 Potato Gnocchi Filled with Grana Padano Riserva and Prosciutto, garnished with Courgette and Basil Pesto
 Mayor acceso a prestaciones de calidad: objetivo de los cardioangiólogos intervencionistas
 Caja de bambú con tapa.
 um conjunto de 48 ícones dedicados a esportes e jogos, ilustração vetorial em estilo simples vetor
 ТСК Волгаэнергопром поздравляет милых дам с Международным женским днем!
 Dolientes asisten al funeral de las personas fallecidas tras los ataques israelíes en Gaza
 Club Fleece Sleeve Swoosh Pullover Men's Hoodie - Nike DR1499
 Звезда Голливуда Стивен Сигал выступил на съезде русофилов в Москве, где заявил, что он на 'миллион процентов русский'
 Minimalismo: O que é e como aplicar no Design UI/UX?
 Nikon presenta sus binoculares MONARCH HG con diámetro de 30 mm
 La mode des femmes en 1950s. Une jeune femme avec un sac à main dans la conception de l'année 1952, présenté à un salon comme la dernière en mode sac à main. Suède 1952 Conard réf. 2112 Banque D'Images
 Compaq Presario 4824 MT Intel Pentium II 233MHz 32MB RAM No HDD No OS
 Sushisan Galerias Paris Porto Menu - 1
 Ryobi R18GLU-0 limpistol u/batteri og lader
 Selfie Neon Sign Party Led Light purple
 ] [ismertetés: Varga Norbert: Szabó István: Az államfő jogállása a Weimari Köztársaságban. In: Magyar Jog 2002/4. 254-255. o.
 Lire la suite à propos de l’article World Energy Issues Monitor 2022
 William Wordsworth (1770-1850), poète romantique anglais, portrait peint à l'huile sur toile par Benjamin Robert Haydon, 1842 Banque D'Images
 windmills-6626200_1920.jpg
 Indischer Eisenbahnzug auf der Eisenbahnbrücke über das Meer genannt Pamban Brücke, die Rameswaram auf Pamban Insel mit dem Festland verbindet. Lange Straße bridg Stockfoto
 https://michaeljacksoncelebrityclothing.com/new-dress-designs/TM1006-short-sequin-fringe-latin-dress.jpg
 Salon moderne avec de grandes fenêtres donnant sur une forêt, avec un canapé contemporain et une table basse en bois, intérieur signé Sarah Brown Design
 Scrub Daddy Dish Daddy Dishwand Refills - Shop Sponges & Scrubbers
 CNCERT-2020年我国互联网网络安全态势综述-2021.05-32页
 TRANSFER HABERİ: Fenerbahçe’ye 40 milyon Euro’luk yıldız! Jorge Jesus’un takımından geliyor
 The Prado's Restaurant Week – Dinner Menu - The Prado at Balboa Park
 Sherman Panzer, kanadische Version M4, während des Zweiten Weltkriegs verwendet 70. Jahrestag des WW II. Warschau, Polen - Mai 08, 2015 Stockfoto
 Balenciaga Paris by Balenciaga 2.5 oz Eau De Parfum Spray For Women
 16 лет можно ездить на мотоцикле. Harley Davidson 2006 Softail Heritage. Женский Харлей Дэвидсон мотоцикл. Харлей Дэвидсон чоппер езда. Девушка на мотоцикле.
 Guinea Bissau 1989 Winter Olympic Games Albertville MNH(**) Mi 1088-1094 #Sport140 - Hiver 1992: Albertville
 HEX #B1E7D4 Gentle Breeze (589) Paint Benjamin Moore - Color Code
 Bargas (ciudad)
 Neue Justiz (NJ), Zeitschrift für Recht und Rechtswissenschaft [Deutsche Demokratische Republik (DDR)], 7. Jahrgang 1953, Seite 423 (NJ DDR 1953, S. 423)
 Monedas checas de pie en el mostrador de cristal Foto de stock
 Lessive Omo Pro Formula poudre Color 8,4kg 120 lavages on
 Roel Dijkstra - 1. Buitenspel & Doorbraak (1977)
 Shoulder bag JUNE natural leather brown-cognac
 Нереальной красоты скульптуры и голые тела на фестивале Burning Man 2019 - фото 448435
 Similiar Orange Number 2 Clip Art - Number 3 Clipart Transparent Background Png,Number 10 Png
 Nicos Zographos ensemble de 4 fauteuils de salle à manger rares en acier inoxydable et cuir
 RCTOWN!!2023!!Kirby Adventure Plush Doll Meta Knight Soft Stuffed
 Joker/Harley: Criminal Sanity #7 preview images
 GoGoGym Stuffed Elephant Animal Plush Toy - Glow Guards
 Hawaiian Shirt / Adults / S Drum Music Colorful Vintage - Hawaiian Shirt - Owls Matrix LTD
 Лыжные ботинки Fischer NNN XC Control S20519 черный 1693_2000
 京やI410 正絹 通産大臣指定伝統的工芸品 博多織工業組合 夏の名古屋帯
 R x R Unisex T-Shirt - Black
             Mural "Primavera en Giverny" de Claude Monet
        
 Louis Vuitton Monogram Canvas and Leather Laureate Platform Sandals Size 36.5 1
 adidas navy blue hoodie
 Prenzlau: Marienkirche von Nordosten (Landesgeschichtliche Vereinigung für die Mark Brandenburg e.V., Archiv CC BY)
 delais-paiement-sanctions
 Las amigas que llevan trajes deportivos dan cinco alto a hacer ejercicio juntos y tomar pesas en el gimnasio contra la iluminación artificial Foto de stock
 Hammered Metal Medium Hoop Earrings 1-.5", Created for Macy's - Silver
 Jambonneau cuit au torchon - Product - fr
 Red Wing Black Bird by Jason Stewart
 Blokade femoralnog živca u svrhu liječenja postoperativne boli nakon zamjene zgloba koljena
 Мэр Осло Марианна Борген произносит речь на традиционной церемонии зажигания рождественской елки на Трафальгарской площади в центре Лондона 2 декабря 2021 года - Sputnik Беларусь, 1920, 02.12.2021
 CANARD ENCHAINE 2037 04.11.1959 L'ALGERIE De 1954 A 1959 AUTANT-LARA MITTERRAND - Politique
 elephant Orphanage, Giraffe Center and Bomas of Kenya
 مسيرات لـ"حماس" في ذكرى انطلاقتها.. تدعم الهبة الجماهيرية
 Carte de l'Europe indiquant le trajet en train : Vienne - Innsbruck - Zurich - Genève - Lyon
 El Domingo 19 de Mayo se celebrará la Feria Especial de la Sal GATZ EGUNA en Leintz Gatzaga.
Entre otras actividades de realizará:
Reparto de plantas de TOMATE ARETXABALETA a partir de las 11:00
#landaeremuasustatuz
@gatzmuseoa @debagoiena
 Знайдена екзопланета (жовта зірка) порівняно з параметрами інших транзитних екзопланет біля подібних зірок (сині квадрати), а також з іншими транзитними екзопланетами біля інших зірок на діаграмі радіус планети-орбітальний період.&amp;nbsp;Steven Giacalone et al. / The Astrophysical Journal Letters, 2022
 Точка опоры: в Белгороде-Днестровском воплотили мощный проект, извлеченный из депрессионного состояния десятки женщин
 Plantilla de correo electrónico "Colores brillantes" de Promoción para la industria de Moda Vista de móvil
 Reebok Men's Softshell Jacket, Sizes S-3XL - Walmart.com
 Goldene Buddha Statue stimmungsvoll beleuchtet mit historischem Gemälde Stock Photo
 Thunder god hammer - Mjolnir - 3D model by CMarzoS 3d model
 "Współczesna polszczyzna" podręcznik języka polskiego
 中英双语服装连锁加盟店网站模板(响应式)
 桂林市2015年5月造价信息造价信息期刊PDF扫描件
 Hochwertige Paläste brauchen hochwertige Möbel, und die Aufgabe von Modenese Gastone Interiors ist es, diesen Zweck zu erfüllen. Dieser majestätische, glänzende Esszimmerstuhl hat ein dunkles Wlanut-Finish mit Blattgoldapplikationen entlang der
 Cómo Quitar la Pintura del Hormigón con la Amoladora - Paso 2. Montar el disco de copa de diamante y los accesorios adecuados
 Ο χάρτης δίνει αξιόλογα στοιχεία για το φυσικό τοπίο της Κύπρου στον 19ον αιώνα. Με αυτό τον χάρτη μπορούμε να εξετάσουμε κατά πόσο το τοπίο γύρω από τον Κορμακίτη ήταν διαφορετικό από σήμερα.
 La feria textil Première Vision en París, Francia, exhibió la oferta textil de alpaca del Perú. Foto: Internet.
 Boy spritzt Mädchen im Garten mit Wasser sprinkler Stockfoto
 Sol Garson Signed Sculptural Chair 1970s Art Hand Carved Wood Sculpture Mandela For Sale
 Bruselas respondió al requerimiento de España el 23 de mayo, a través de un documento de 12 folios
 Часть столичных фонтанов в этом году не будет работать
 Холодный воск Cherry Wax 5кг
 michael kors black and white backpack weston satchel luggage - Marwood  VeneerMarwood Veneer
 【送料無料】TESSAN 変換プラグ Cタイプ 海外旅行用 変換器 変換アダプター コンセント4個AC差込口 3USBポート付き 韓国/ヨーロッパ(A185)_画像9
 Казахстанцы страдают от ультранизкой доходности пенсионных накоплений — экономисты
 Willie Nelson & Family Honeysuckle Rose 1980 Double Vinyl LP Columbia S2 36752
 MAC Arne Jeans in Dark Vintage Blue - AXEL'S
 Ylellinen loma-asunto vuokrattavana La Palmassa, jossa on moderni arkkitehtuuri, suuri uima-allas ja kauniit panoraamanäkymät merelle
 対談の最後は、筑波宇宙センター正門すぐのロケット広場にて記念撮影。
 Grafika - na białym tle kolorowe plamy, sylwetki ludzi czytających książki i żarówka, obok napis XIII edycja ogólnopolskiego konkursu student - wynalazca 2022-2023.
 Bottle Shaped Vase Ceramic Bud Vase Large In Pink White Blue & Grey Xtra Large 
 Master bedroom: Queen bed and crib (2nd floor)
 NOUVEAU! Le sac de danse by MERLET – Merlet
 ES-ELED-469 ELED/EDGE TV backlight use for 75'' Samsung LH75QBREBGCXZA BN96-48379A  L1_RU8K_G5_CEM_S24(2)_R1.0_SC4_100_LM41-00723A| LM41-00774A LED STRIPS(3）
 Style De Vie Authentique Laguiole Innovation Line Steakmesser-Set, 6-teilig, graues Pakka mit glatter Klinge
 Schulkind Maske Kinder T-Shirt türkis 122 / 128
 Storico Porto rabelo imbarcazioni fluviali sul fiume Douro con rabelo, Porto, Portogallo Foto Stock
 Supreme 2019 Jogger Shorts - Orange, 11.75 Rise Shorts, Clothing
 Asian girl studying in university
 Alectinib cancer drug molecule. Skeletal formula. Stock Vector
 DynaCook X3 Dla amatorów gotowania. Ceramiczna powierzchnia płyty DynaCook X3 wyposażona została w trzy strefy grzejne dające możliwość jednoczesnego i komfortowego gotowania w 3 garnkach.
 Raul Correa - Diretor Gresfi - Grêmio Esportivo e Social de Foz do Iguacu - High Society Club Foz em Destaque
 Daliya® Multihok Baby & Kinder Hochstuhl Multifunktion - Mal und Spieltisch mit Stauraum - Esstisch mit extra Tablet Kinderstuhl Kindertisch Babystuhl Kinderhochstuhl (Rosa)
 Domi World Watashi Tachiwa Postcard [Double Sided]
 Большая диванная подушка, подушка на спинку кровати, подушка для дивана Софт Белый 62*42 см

- _What you have to do_
Emit an exact copy of the lines spanning the start of the records to the line containing "Club Fleece Sleeve", inclusive, and no other output.

- _Solved problem_
 Potato Gnocchi Filled with Grana Padano Riserva and Prosciutto, garnished with Courgette and Basil Pesto
 Mayor acceso a prestaciones de calidad: objetivo de los cardioangiólogos intervencionistas
 Caja de bambú con tapa.
 um conjunto de 48 ícones dedicados a esportes e jogos, ilustração vetorial em estilo simples vetor
 ТСК Волгаэнергопром поздравляет милых дам с Международным женским днем!
 Dolientes asisten al funeral de las personas fallecidas tras los ataques israelíes en Gaza
 Club Fleece Sleeve Swoosh Pullover Men's Hoodie - Nike DR1499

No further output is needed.